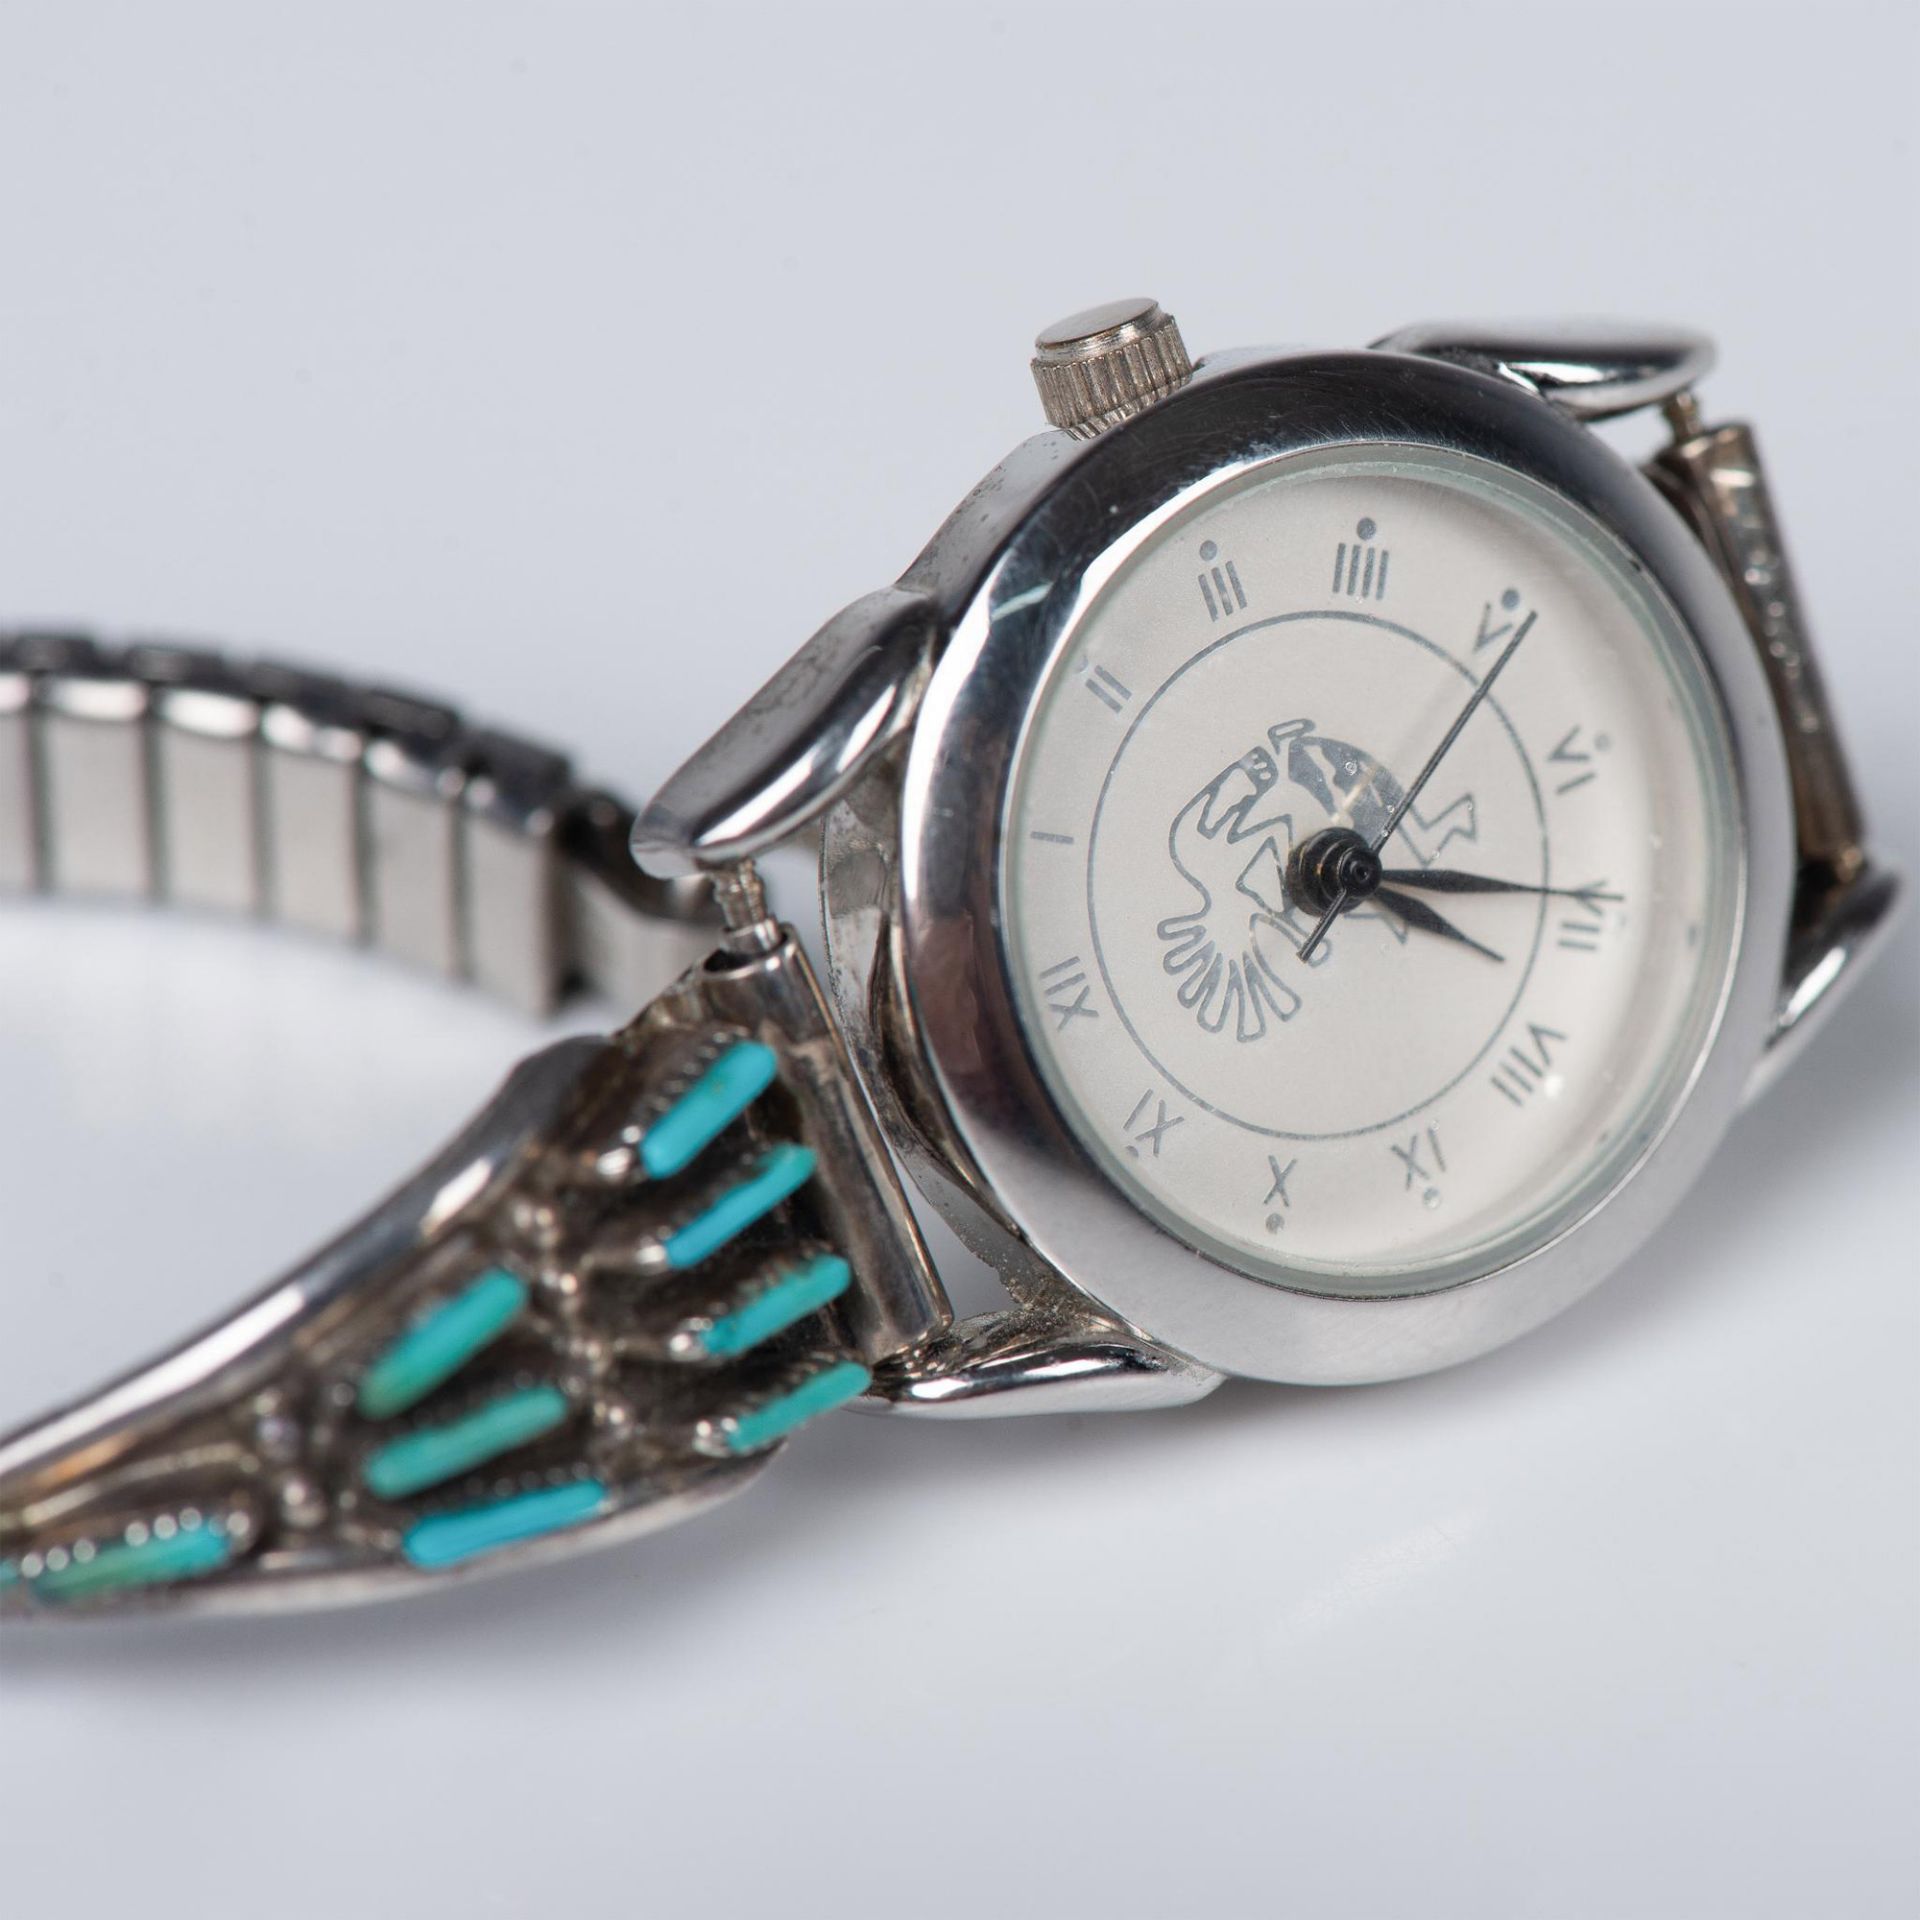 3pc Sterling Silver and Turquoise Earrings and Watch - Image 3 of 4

--

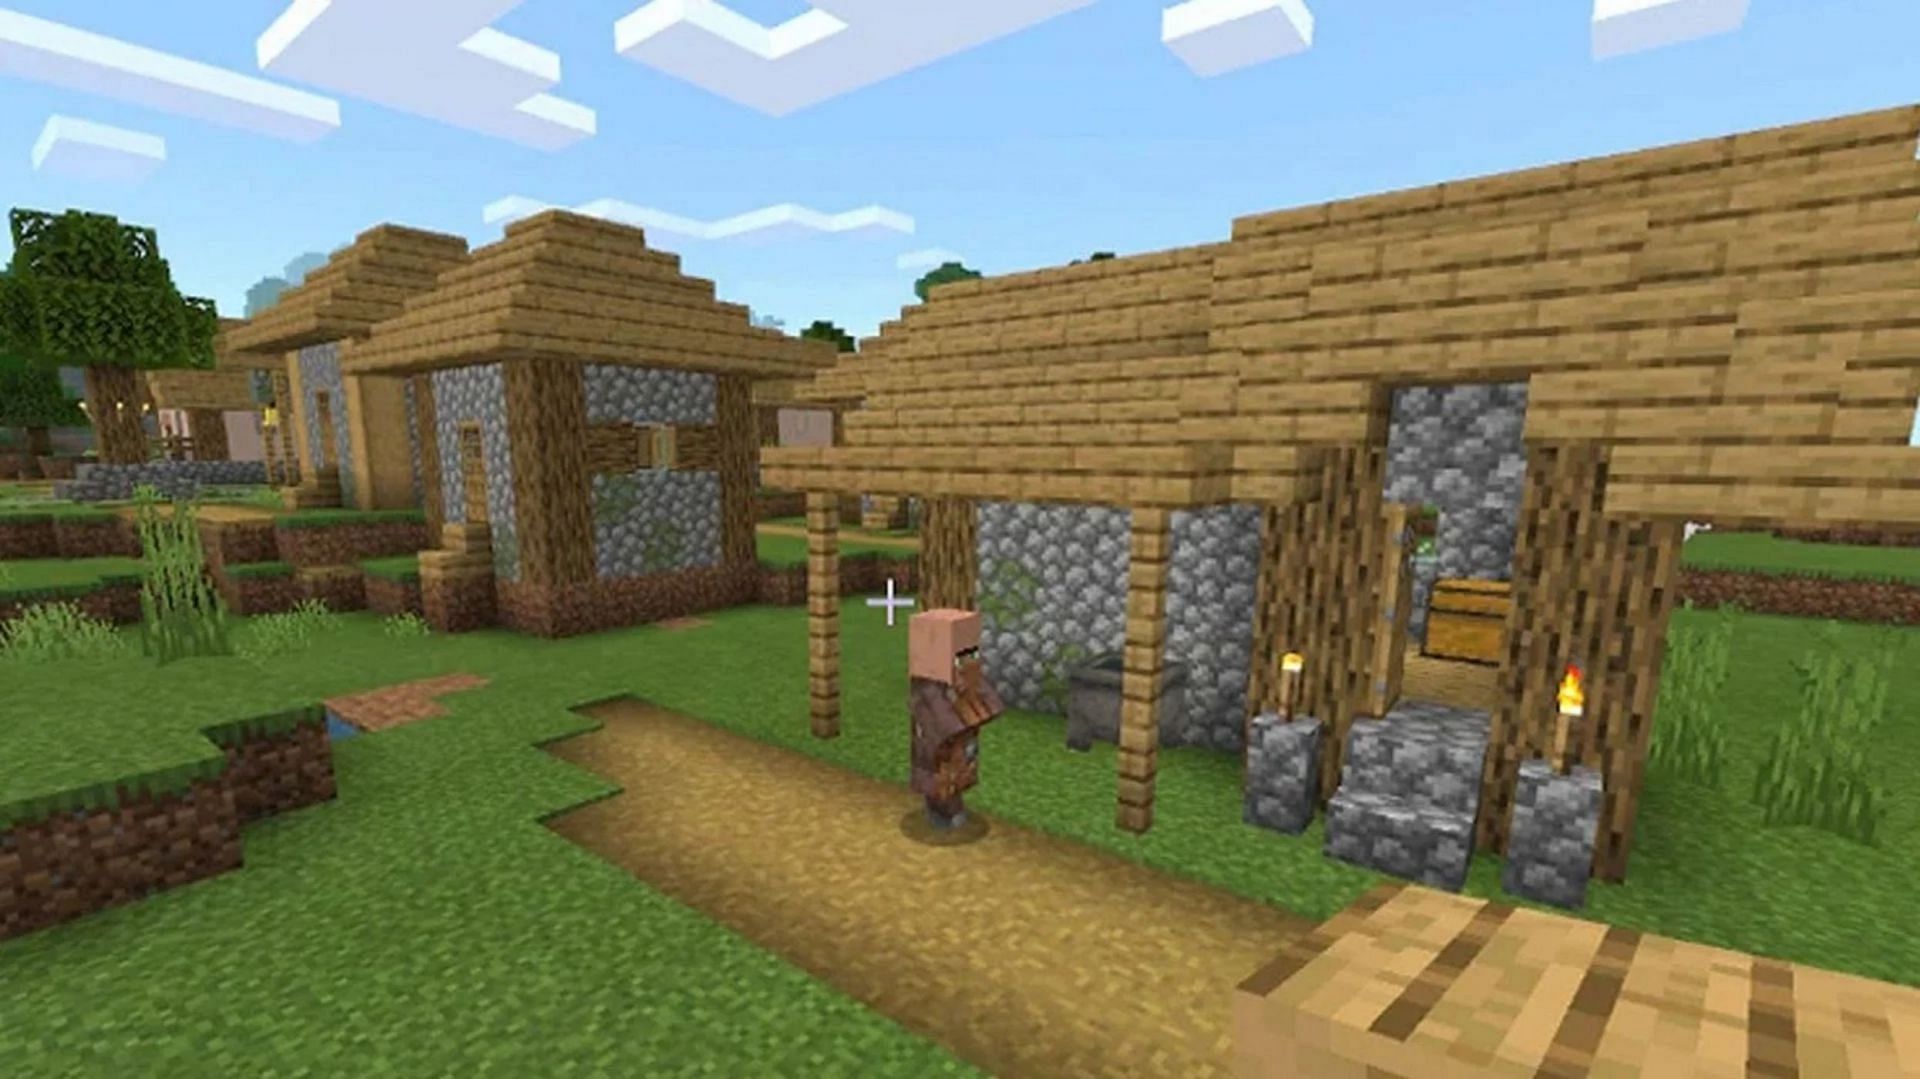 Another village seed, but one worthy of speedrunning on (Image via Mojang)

---

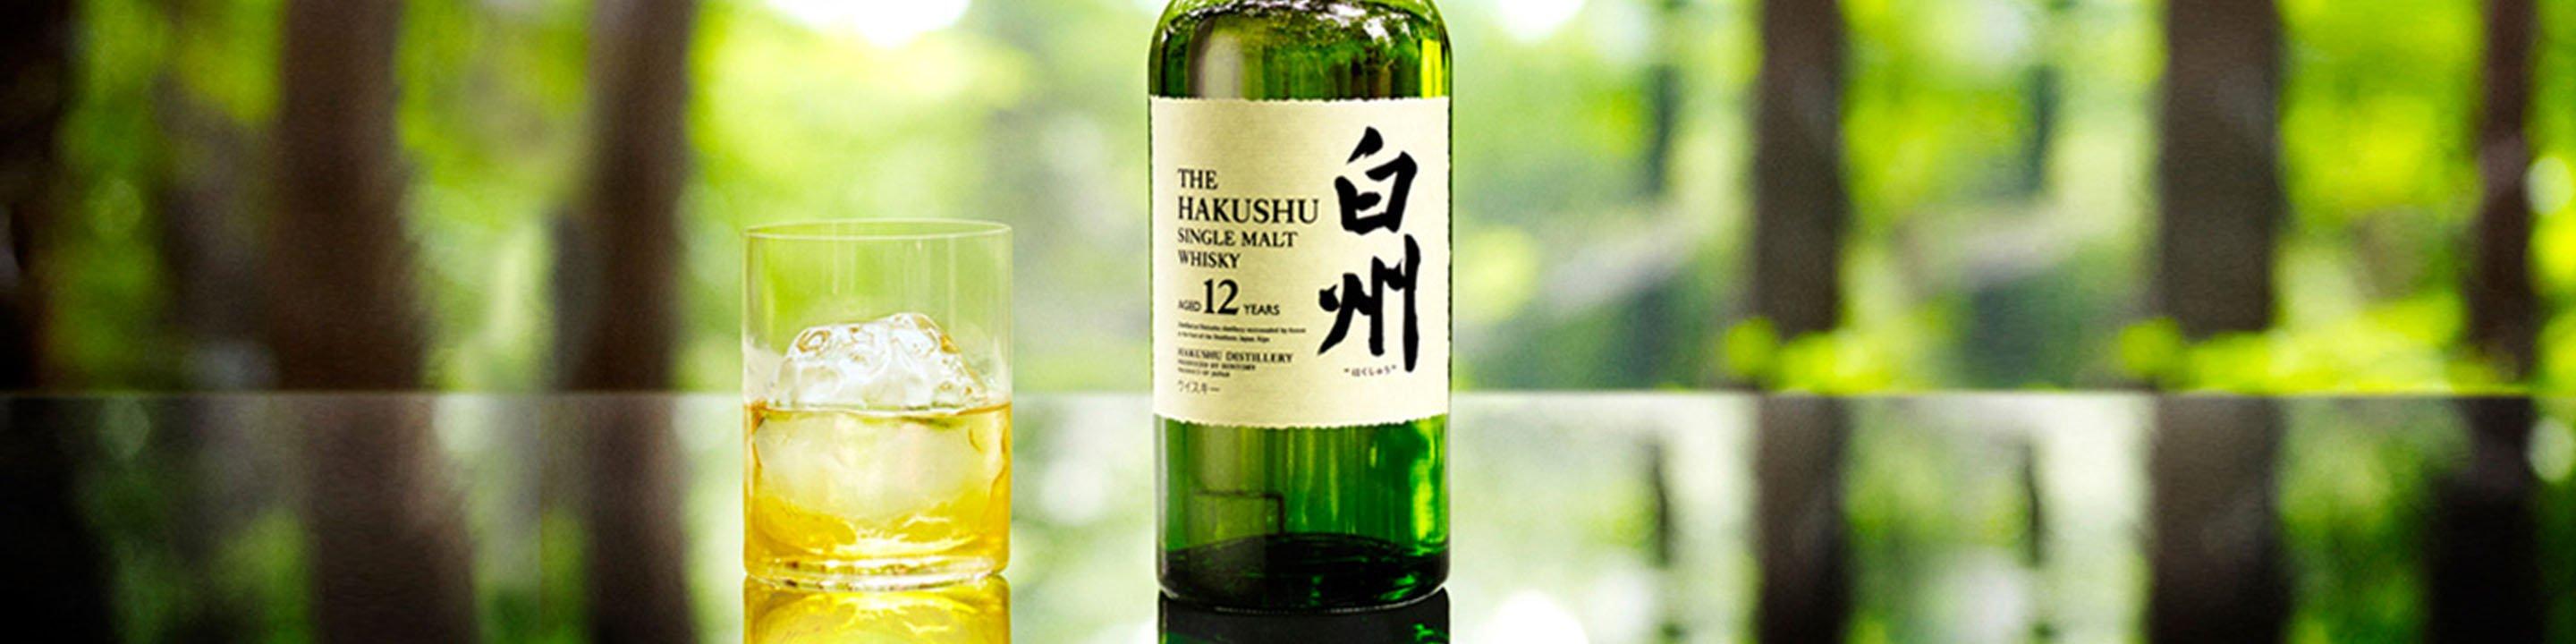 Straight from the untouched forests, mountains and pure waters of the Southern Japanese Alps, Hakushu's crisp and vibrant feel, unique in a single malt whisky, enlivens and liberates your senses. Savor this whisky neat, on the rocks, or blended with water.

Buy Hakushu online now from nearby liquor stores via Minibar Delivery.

TASK BRIEF: Looking above, find the stretch of lines that opens with the one holding "Straight from the" and closes with the one holding "Buy Hakushu online". Copy it exactly, pictures excluded.

FINISHED EXERCISE:
 Straight from the untouched forests, mountains and pure waters of the Southern Japanese Alps, Hakushu's crisp and vibrant feel, unique in a single malt whisky, enlivens and liberates your senses. Savor this whisky neat, on the rocks, or blended with water.

Buy Hakushu online now from nearby liquor stores via Minibar Delivery.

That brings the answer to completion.